= Chittenden-3-8 Vermont Representative District, 2002–2012 =

State Representative district in Vermont, US

The Chittenden-3-8 Representative District is a one-member state Representative district in the U.S. state of Vermont. It is one of the 108 one or two member districts into which the state was divided by the redistricting and reapportionment plan developed by the Vermont General Assembly following the 2000 U.S. census. The plan applies to legislatures elected in 2002, 2004, 2006, 2008, and 2010. A new plan will be developed in 2012 following the 2010 U.S. census.

The Chittenden-3-8 District includes a section of the Chittenden County city of South Burlington defined as follows:

That portion of the City of South Burlington starting at the junction of Dorset Street and the Shelburne-South Burlington boundary and proceeding easterly to the junction of the Shelburne-South Burlington-Williston boundaries; then northerly following the Williston-South Burlington boundary to Williston Road; then continuing westerly to the intersection of Hinesburg Road/Patchen Road; then southerly following Hinesburg Road to Woodcrest Street; then westerly on Woodcrest Street; then northerly on Woodcrest Street; then westerly on Woodcrest Street; then southerly on Woodcrest Street to Dean Street; then easterly on Dean Street to Hinesburg Road; then southerly along Hinesburg Road to Interstate 89; then westerly along Interstate 89 to its intersection with Dorset Street; then southerly to Swift Street; then westerly following Swift Street to Spear Street; then southerly along Spear Street to Olivia Drive; then easterly on Olivia Drive to Pinnacle Drive; then northerly on Pinnacle Drive; then easterly on Pinnacle Drive; then southerly on Pinnacle drive; then westerly on Pinnacle Drive; then southerly on Pinnacle Drive to Nowland Farm Road; then westerly to Spear Street; then across Spear Street to Deerfield Drive; then westerly on Deerfield Drive; then southerly on Deerfield Drive to Pheasant Way; then easterly on Pheasant Way to Spear Street; then southerly along Spear Street to Allen Road; then westerly following Allen Road to the intersection of Shelburne Road; then southerly on Shelburne Road to the Shelburne-South Burlington boundary; then easterly on the Shelburne-South Burlington boundary to the point of beginning at Dorset Street and the Shelburne-South Burlington boundary.
— Vermont Statutes, Title 17, Chapter 34, Section 1893a

The rest of South Burlington is in Chittenden-3-7, Chittenden-3-9, and Chittenden-3-10.

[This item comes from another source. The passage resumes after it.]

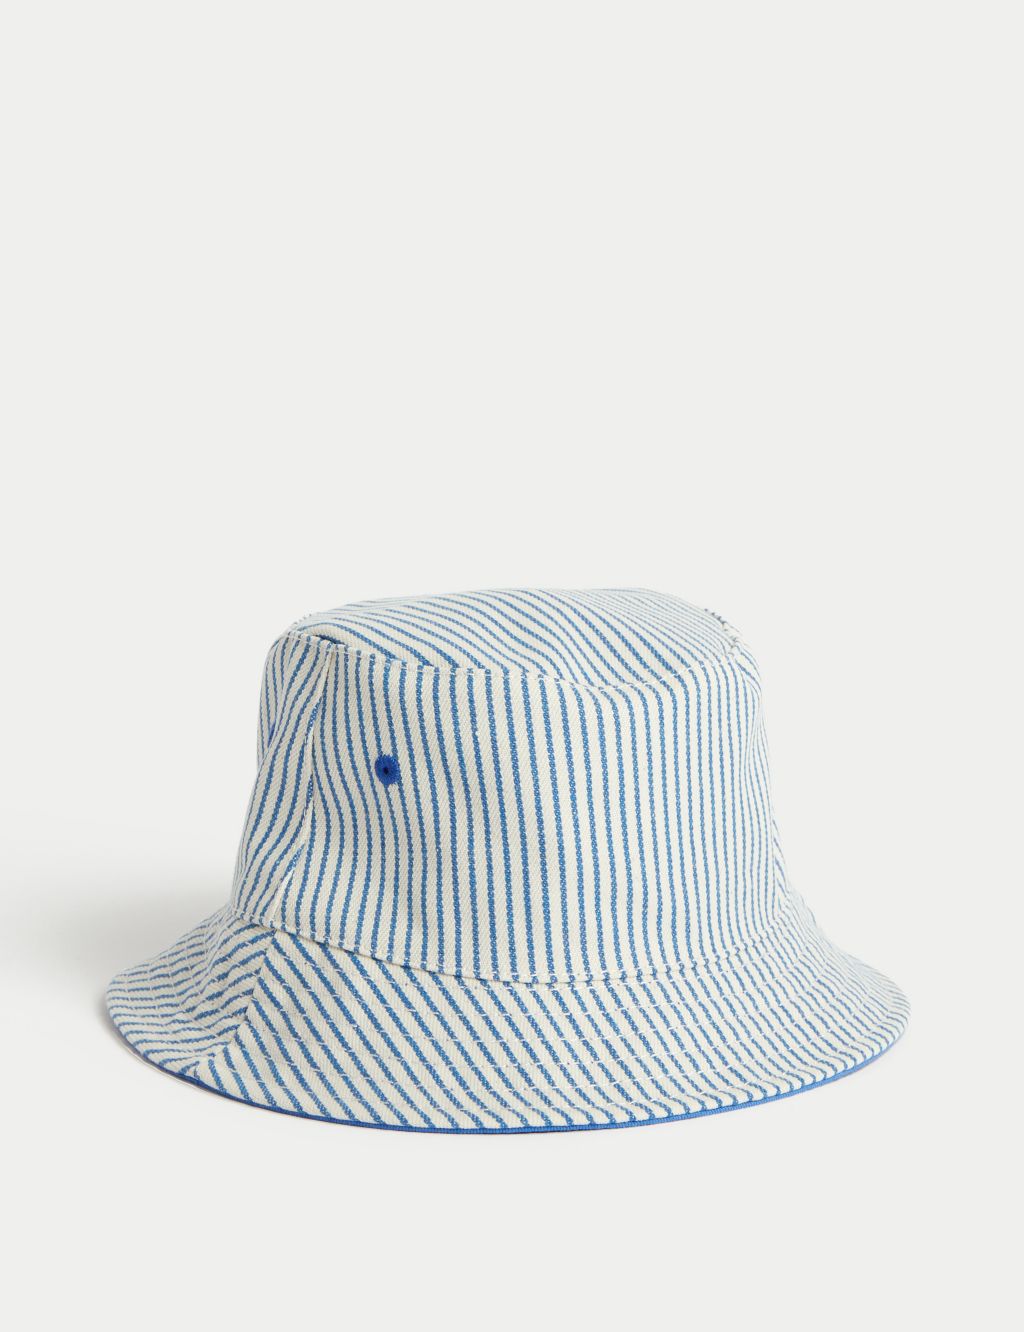 Kids' Pure Cotton Striped Sun Hat (1-6 Yrs) image 2
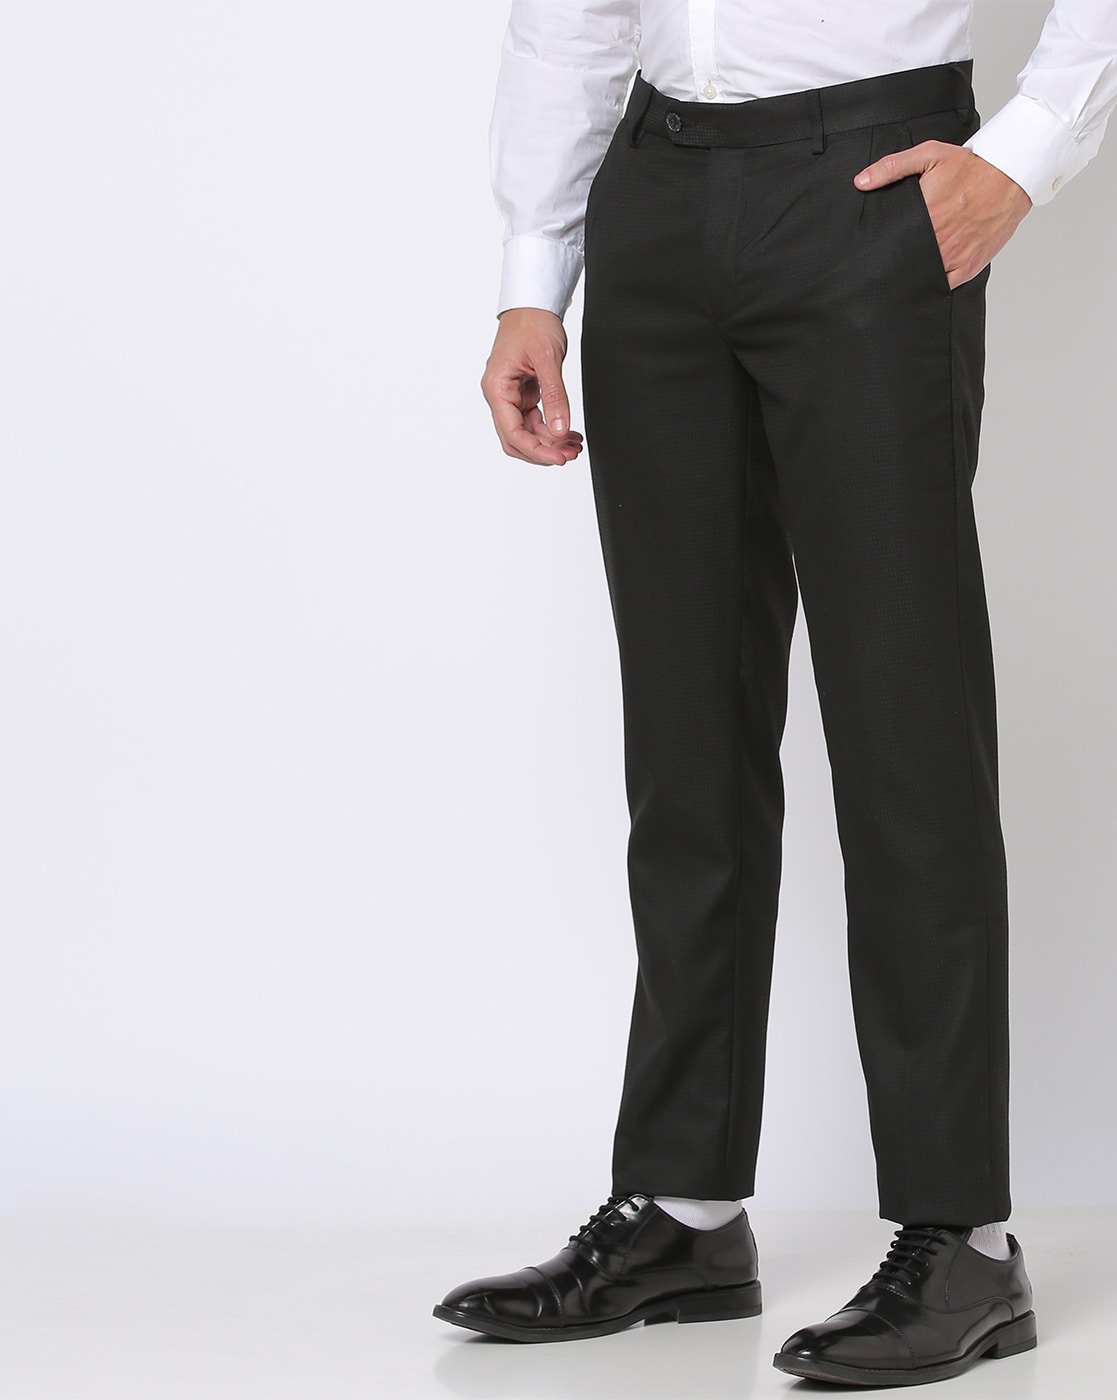 The Label | Men's Charcoal Pleated Suit Trousers | Suit Direct

As of the 2000 census, the state as a whole had a population of 608,827. As there are a total of 150 representatives, there were 4,059 residents per representative (or 8,118 residents per two representatives). The one member Chittenden-3-8 District had a population of 3,717 in that same census, 8.43% below the state average. It has the fewest residents per representative of any district in Vermont.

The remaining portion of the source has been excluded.